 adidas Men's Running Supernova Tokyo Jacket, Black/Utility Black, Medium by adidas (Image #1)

---

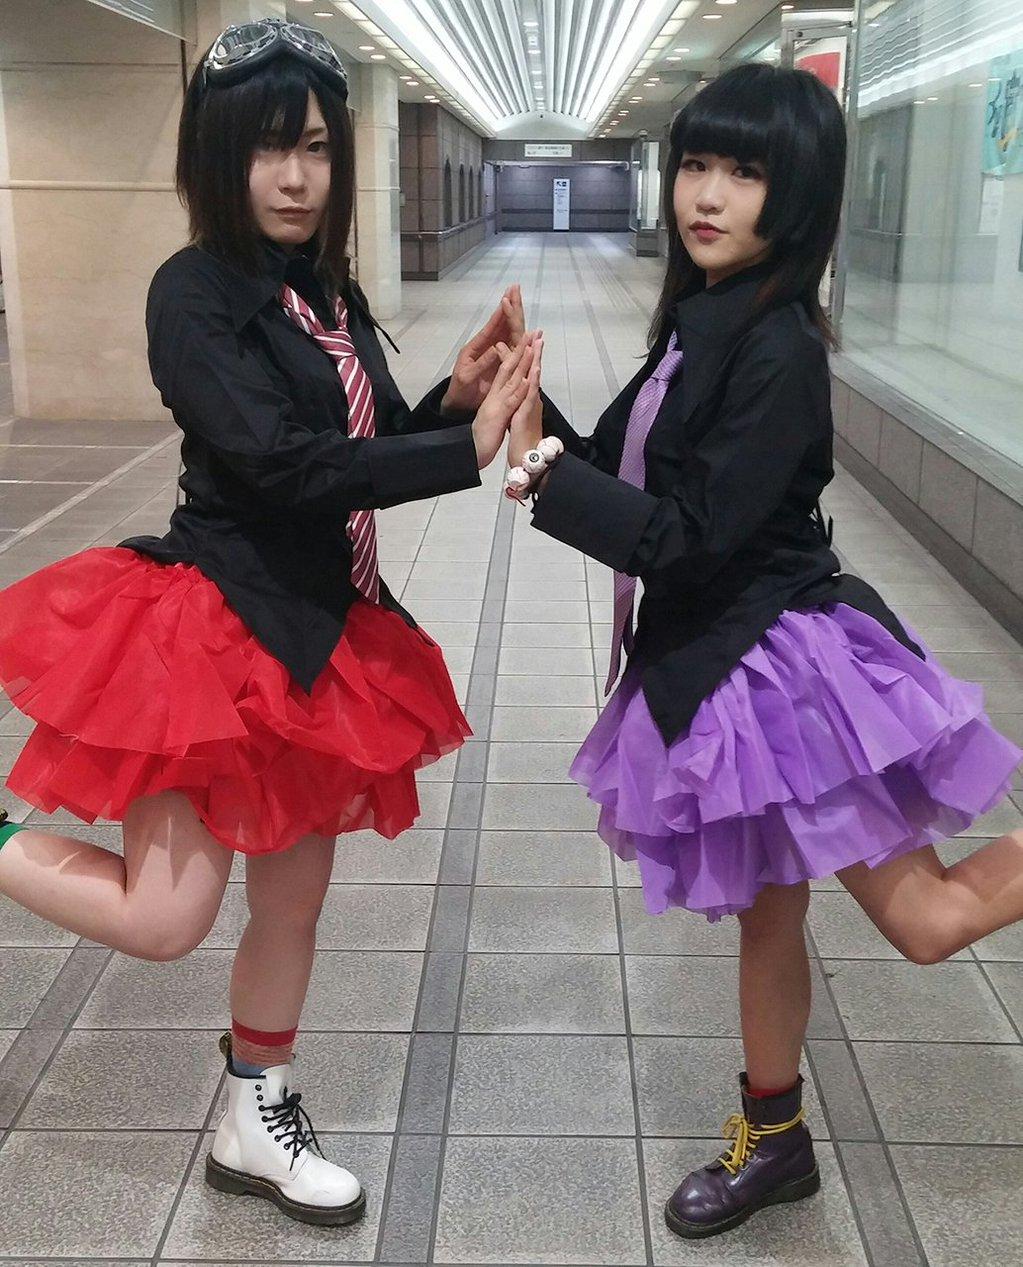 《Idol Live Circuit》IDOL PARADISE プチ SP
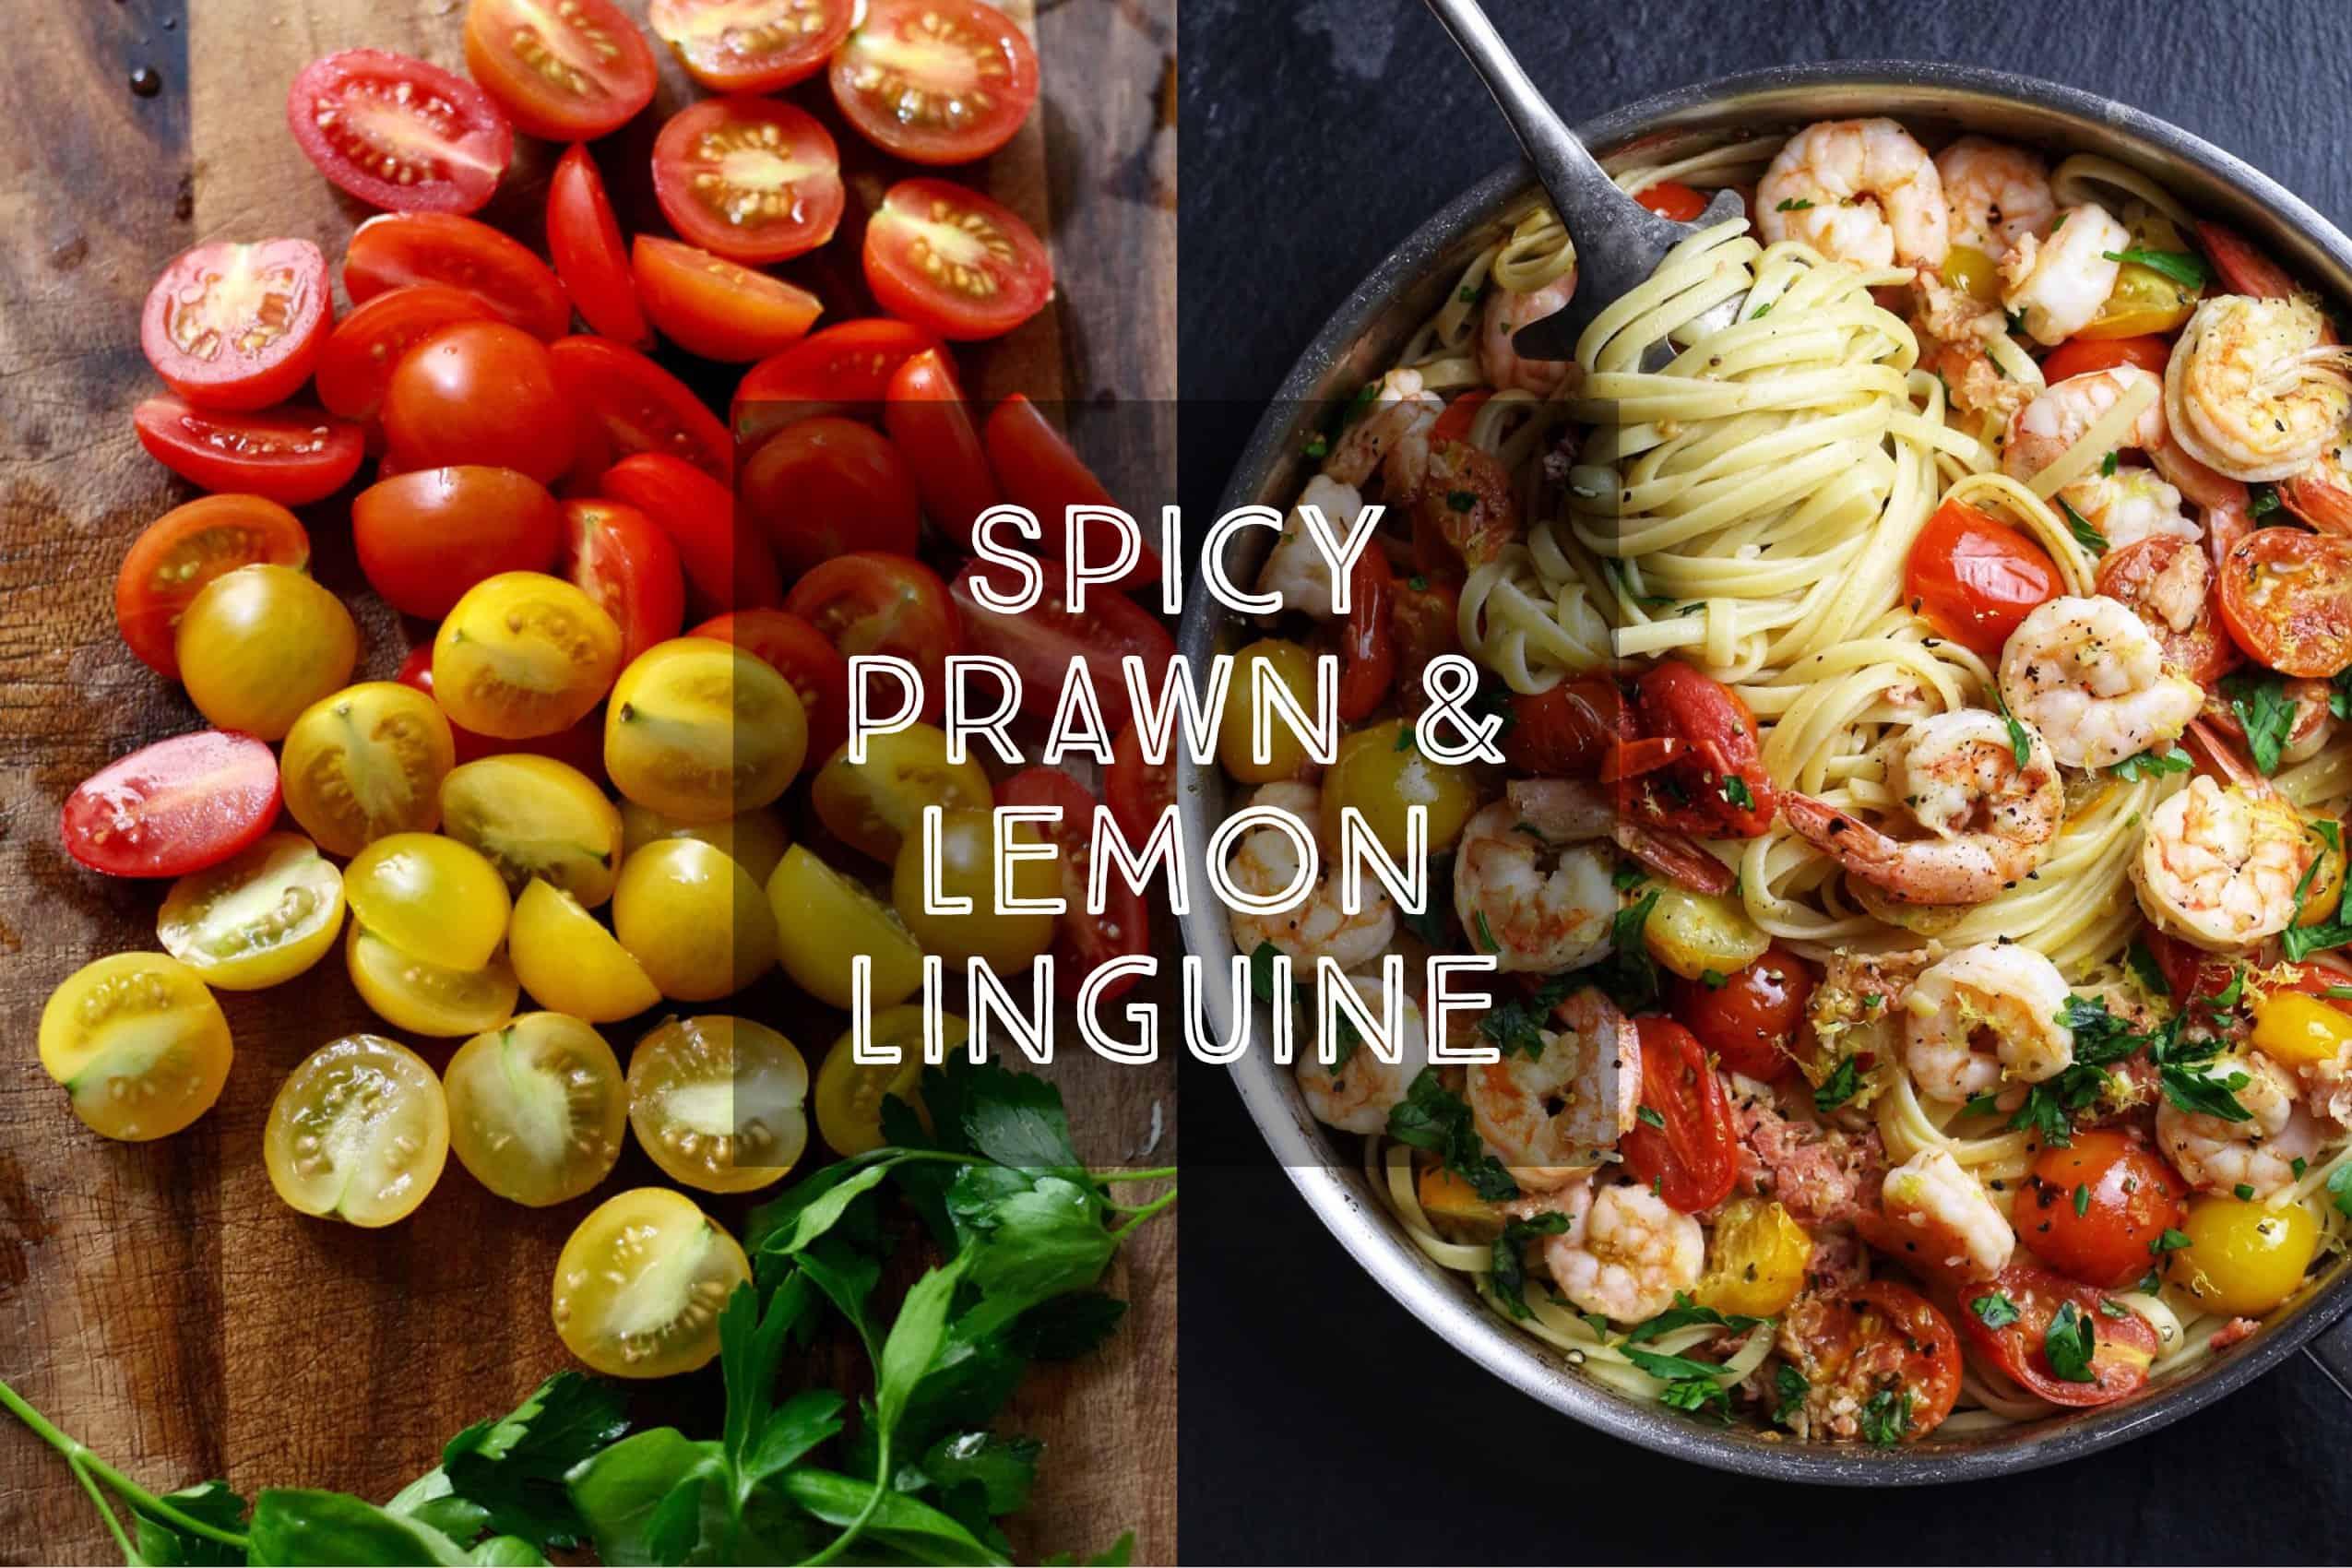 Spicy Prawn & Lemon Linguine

* * *

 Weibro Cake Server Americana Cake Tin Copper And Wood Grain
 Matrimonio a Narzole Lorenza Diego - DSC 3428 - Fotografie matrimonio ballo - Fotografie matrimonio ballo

| WHAT IS NEEDED |
Above is a listing; print exactly its lines from the one with "Weibro Cake Server" through the one with "Matrimonio a Narzole", and no other lines.

| RESULT FOR THIS EXERCISE |
 Weibro Cake Server Americana Cake Tin Copper And Wood Grain
 Matrimonio a Narzole Lorenza Diego - DSC 3428 - Fotografie matrimonio ballo - Fotografie matrimonio ballo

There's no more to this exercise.